Даже я, несмотря на то, что я сама себя наказала, очень часто чувствую в себе агрессию, ненависть к самой себе.
Хотя, если послушать об этих наказаниях, — что там? Ну, приседать, ну, отжиматься, ну, есть соль. Кажется, что все это ерунда. Но когда сам реально все это делаешь… а ведь у ребят это проходило не в рамках акции, и не полчаса, как у меня, потому что я больше не выдерживаю. Кто-то сидит на корточках по два часа, один парень говорил, что всю ночь сидел. Ты прошел через такое — почему бы и другим, условно говоря, не пройти через это? У детей-сирот есть такая стигма — «Нам все должны». А тут возникает другая: «Меня били, надо мной издевались, куда-то отправляли — вот теперь пожинайте плоды». Я не касаюсь темы обкалывания психотропными веществами, потому что это вообще запредельно.

— На что ссылается следствие, когда отклоняют дела детдомовцев? В случае с Димой, например?

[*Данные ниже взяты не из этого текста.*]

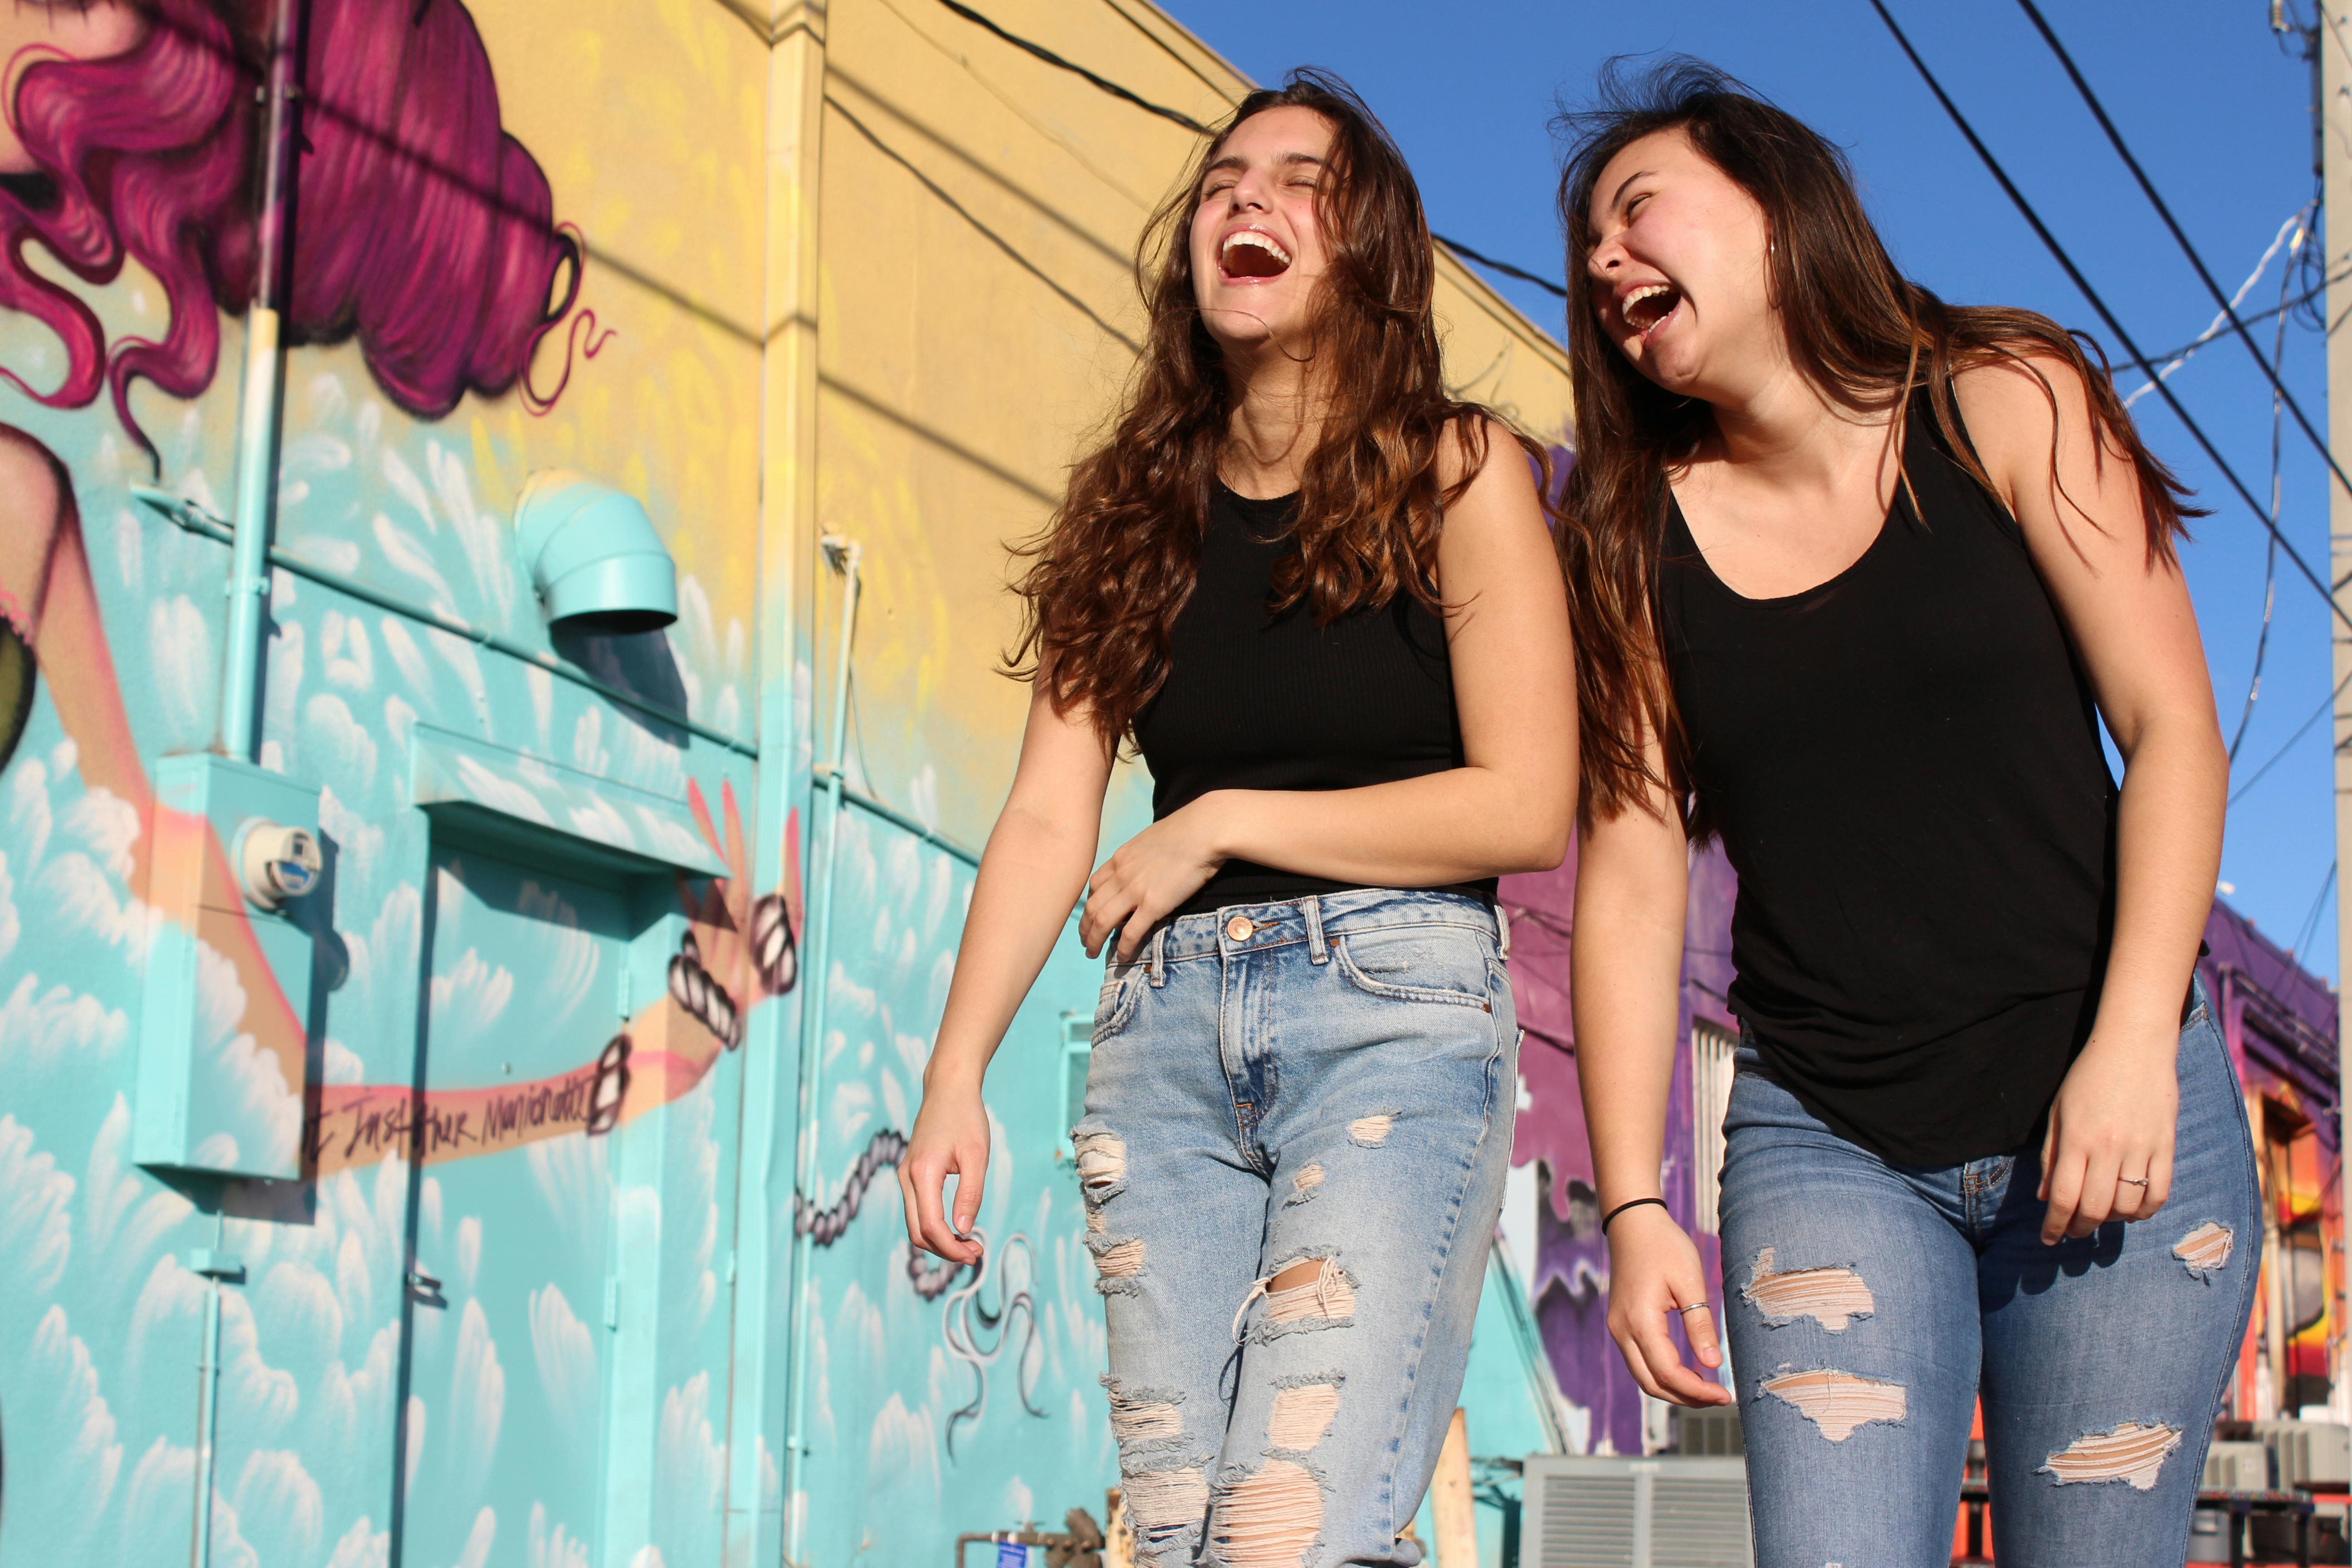 Zwei junge Frauen, die lachend spazieren gehen | Quelle: Savannah Dematteo auf Pexels

Чтобы по факту наказаний завели какое-то уголовное дело — это еще нужно постараться. Нужно, чтобы люди поддержали детей, которые находятся в закрытых учреждениях. И надо, чтобы дети поняли: то, что с ними происходит, — это не нормально. Ведь многим кажется, что так и должно быть. Когда я общаюсь с ребятами и спрашиваю: «Как ты смог это вообще выдержать? Как? Как? Как ты смог это выдержать физически? Я не могу каких-то полчаса выдержать, хотя я взрослая тетка, мне 22 года», — ребята отвечают: «А что было делать? Так надо». Бывает, что у них это входит в понятие нормы. Ну, и потом они совершают какие-то противоречивые действия и становятся новой маргинальной группой. А чтобы было что-то возбуждено, ребенок должен найти рычаги и методы, чтобы рассказать об этом. Надо еще знать, кому сказать, куда сказать, чтобы люди это поддержали. В Москве история с наказаниями не такая запущенная, но в регионах-то беспредел. Там вообще сложно найти какое-то СМИ, которое пойдет против системы. Все знают об издевательствах, об отправке в дурки, да. Но реально сталкиваешься с огромным количеством проблем, если пытаешься об этом рассказать. Истории с правами в закрытых учреждениях очень сложно придать какой-то огласке. Система обрубает все пути коммуникации.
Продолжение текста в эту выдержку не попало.